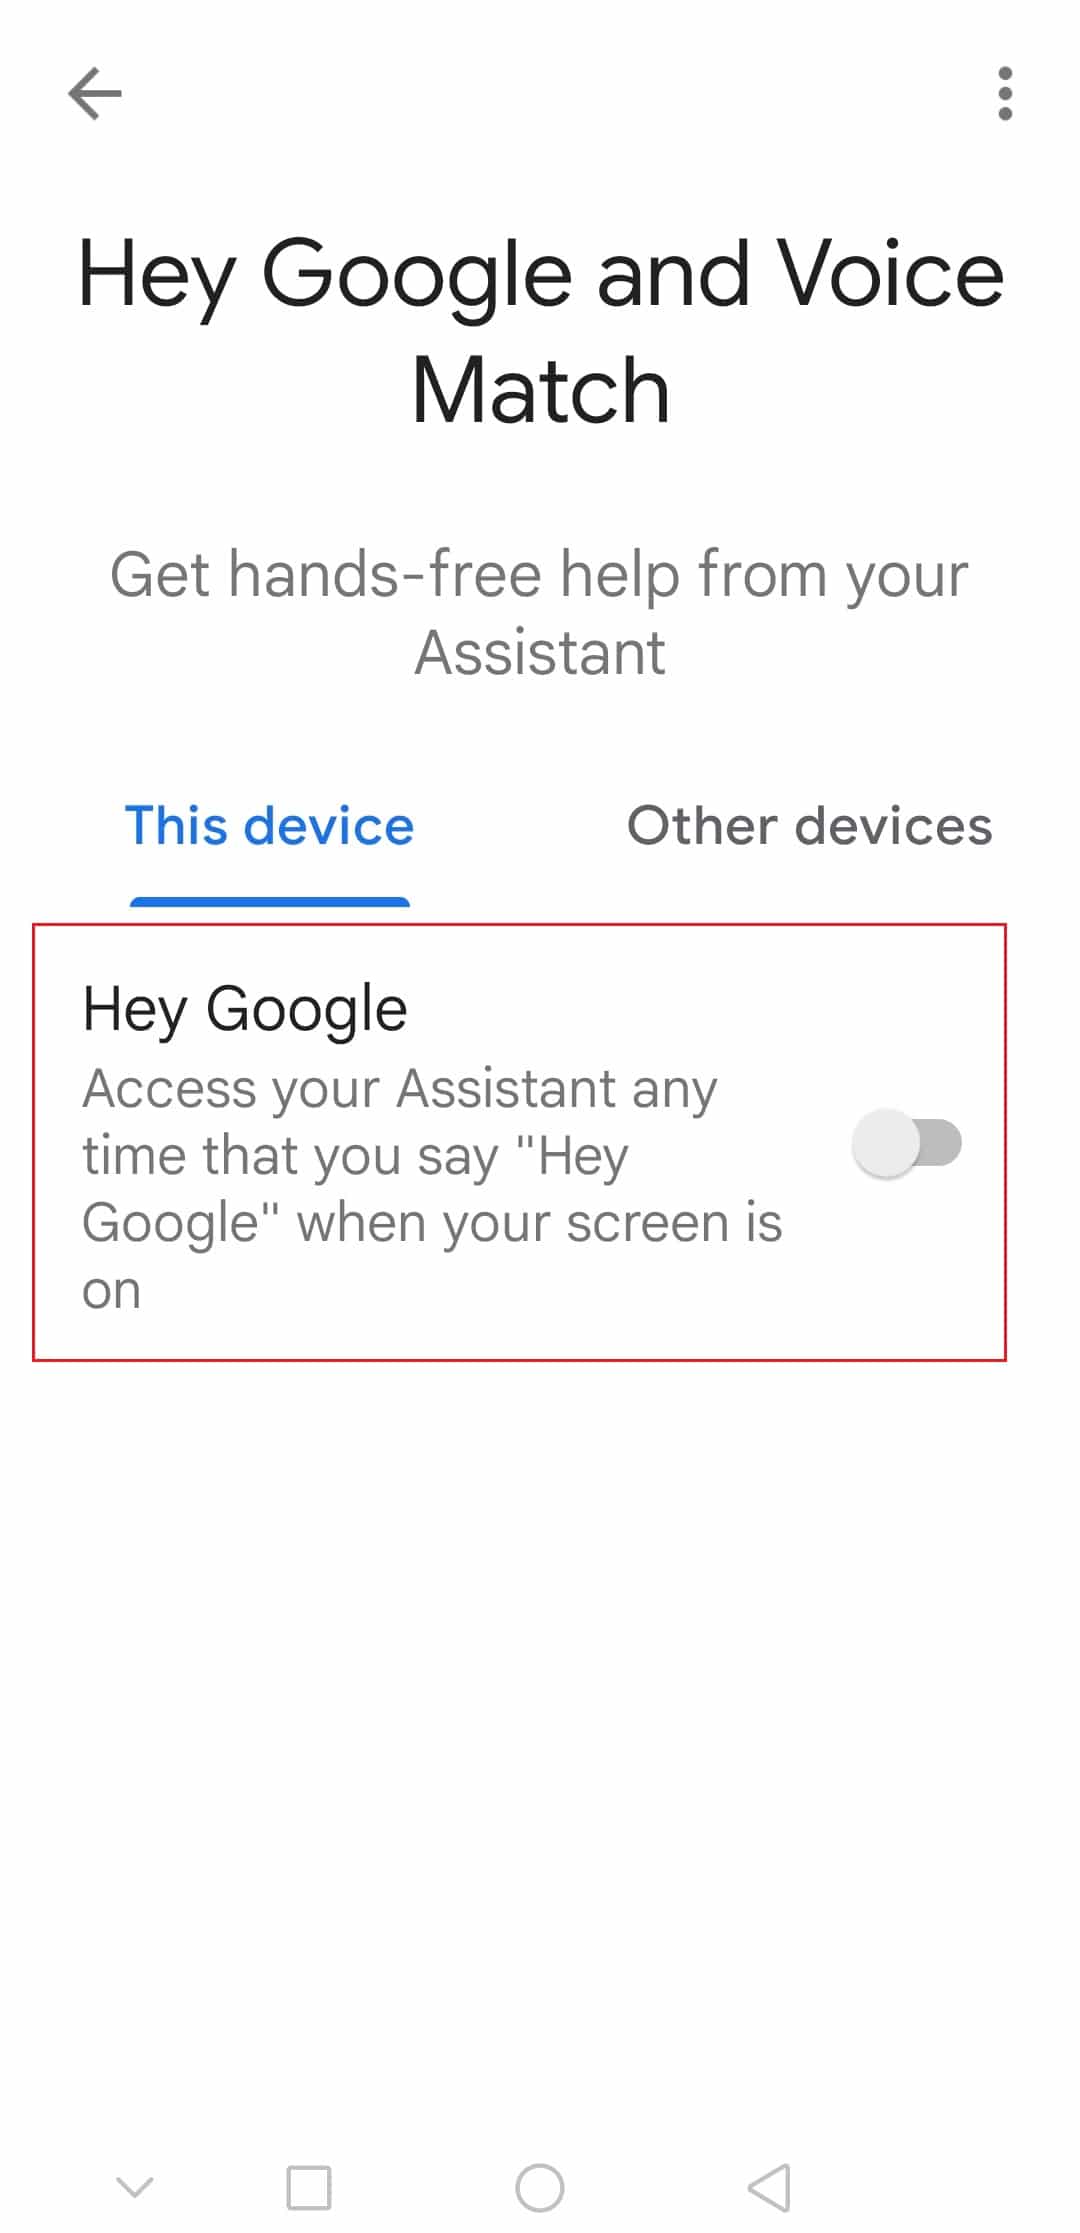 په Android کې د ګوګل Voice Match Settings کې Hey Google ته ټګول وکړئ
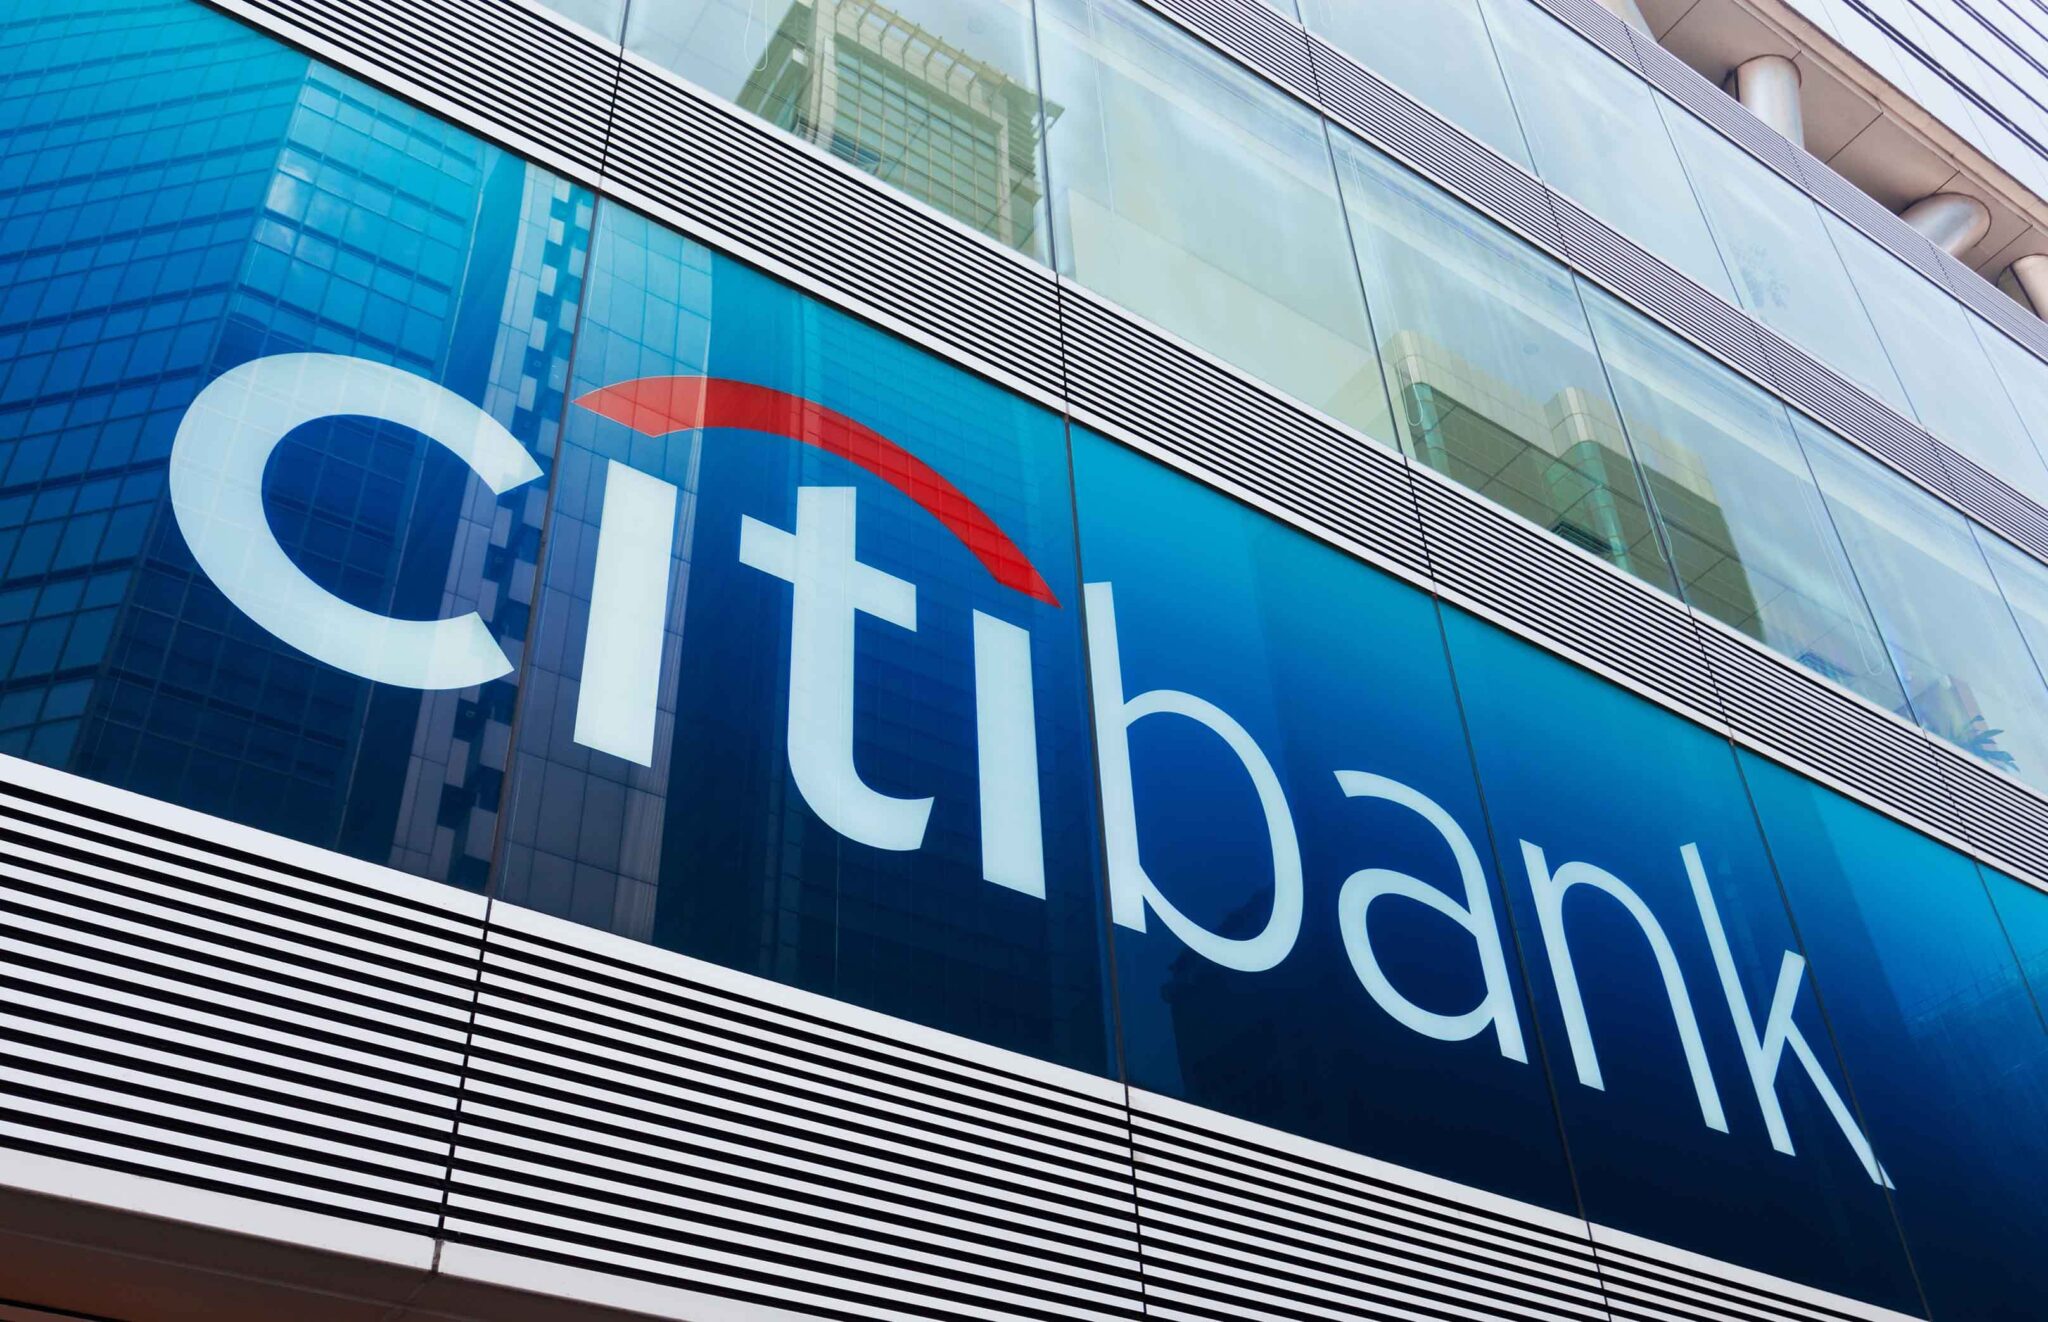 Citi Bank Announces a 1 Billion Plan to End Discriminatory Practices
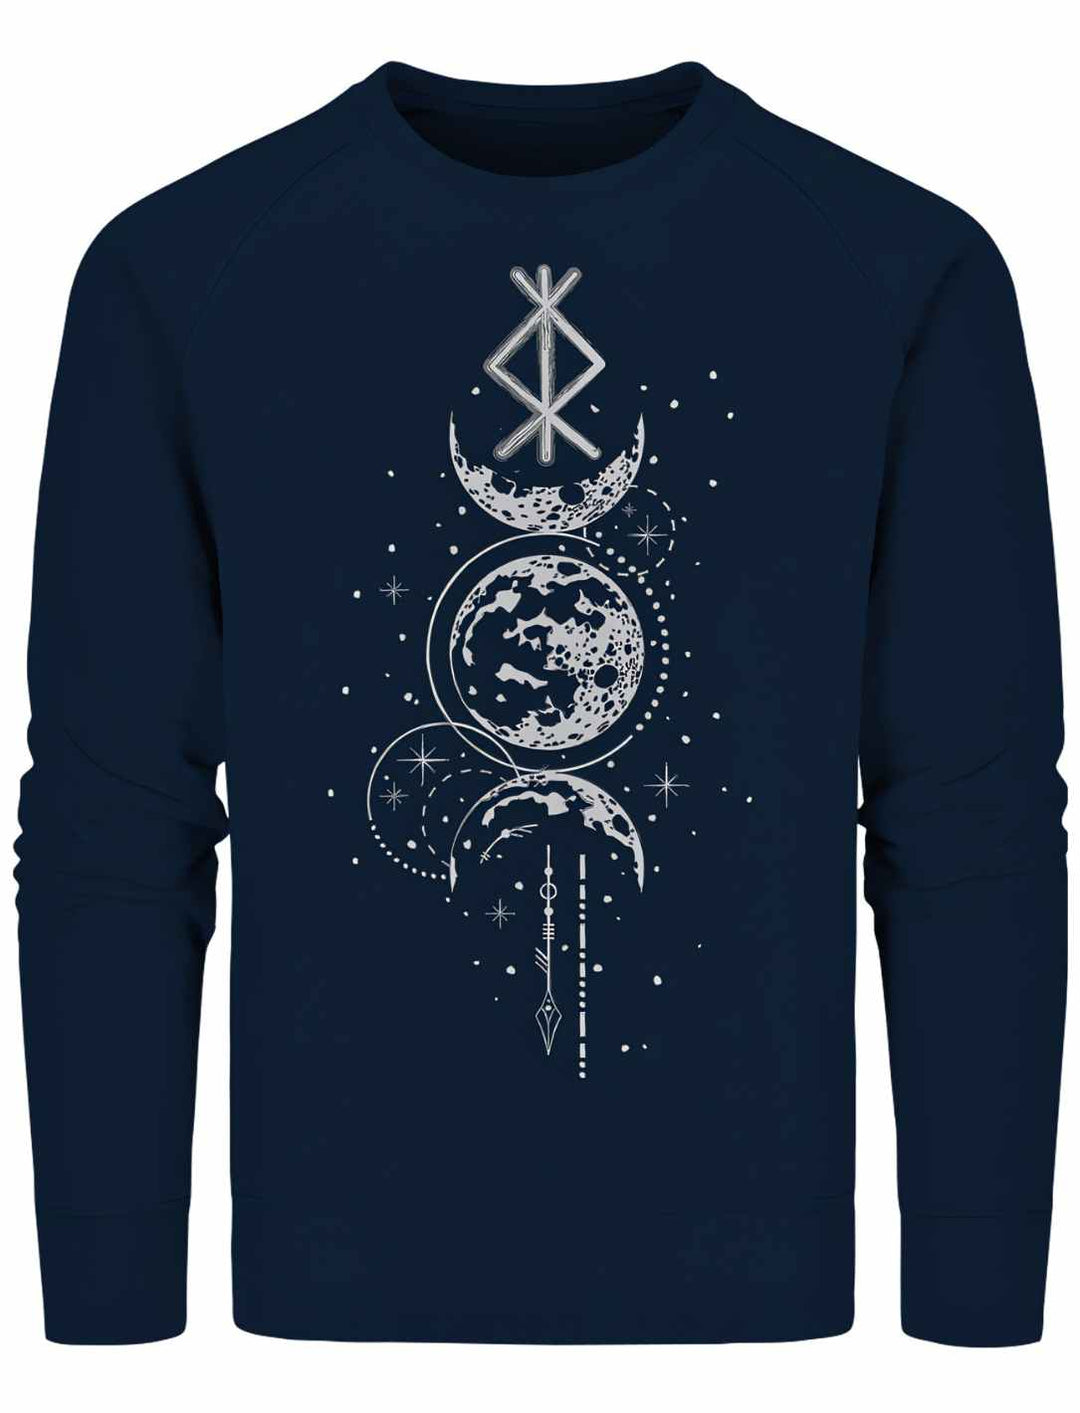 Sweat Shirt - Rune des Mondschein Wächters, nordisches Design in french navy. Von Runental.de
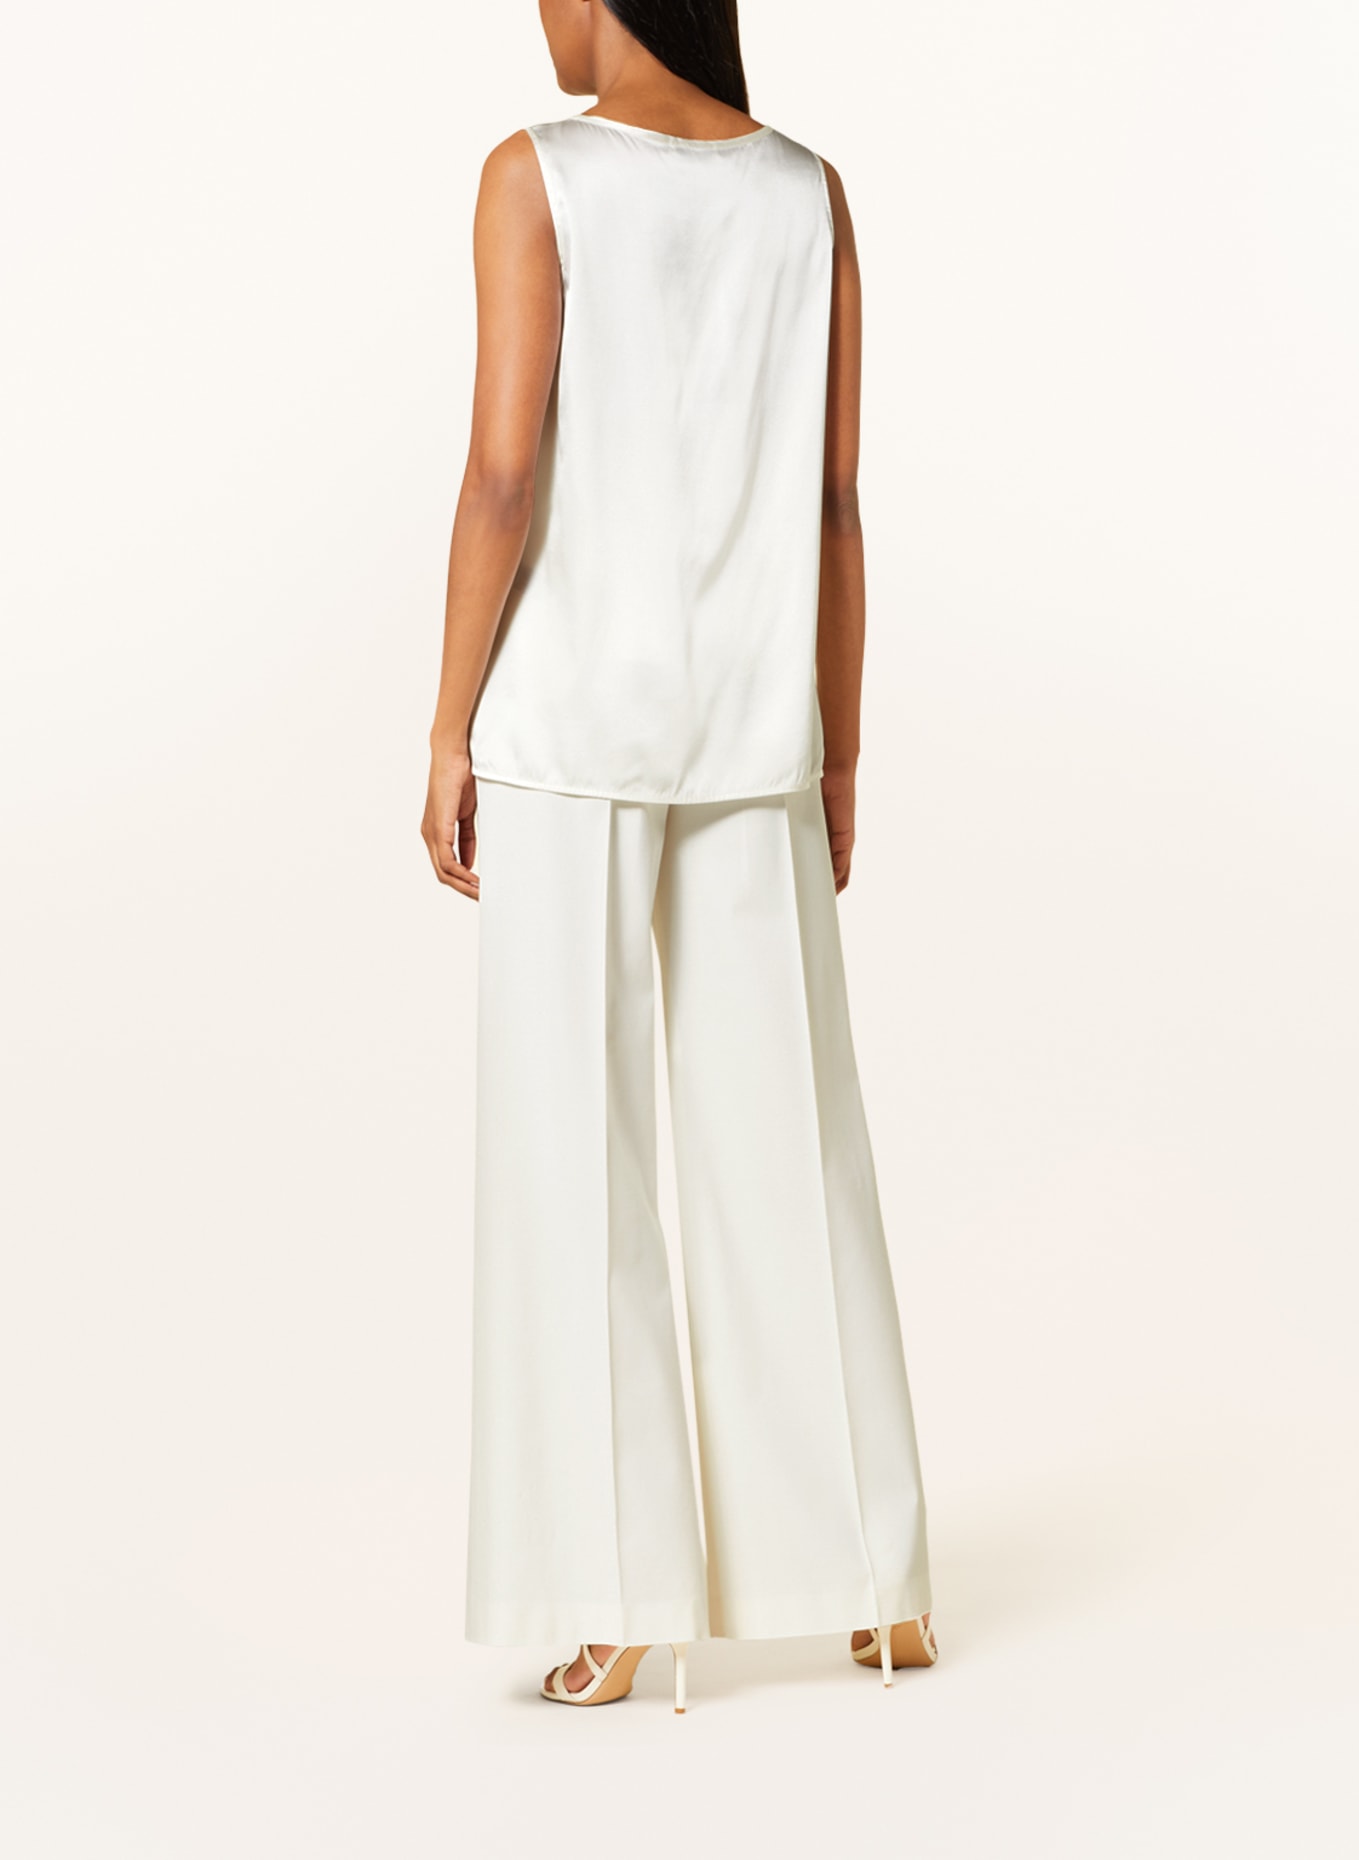 ANTONELLI firenze Silk top, Color: WHITE (Image 3)
━━━━━━
■ Brief
Without the pictures, retype exactly the lines from the one that holds "Sweat Shirt - Rune" to the last line of the data above, both of them included.

■ Exercise output
 Sweat Shirt - Rune des Mondschein Wächters, nordisches Design in french navy. Von Runental.de
 ANTONELLI firenze Silk top, Color: WHITE (Image 3)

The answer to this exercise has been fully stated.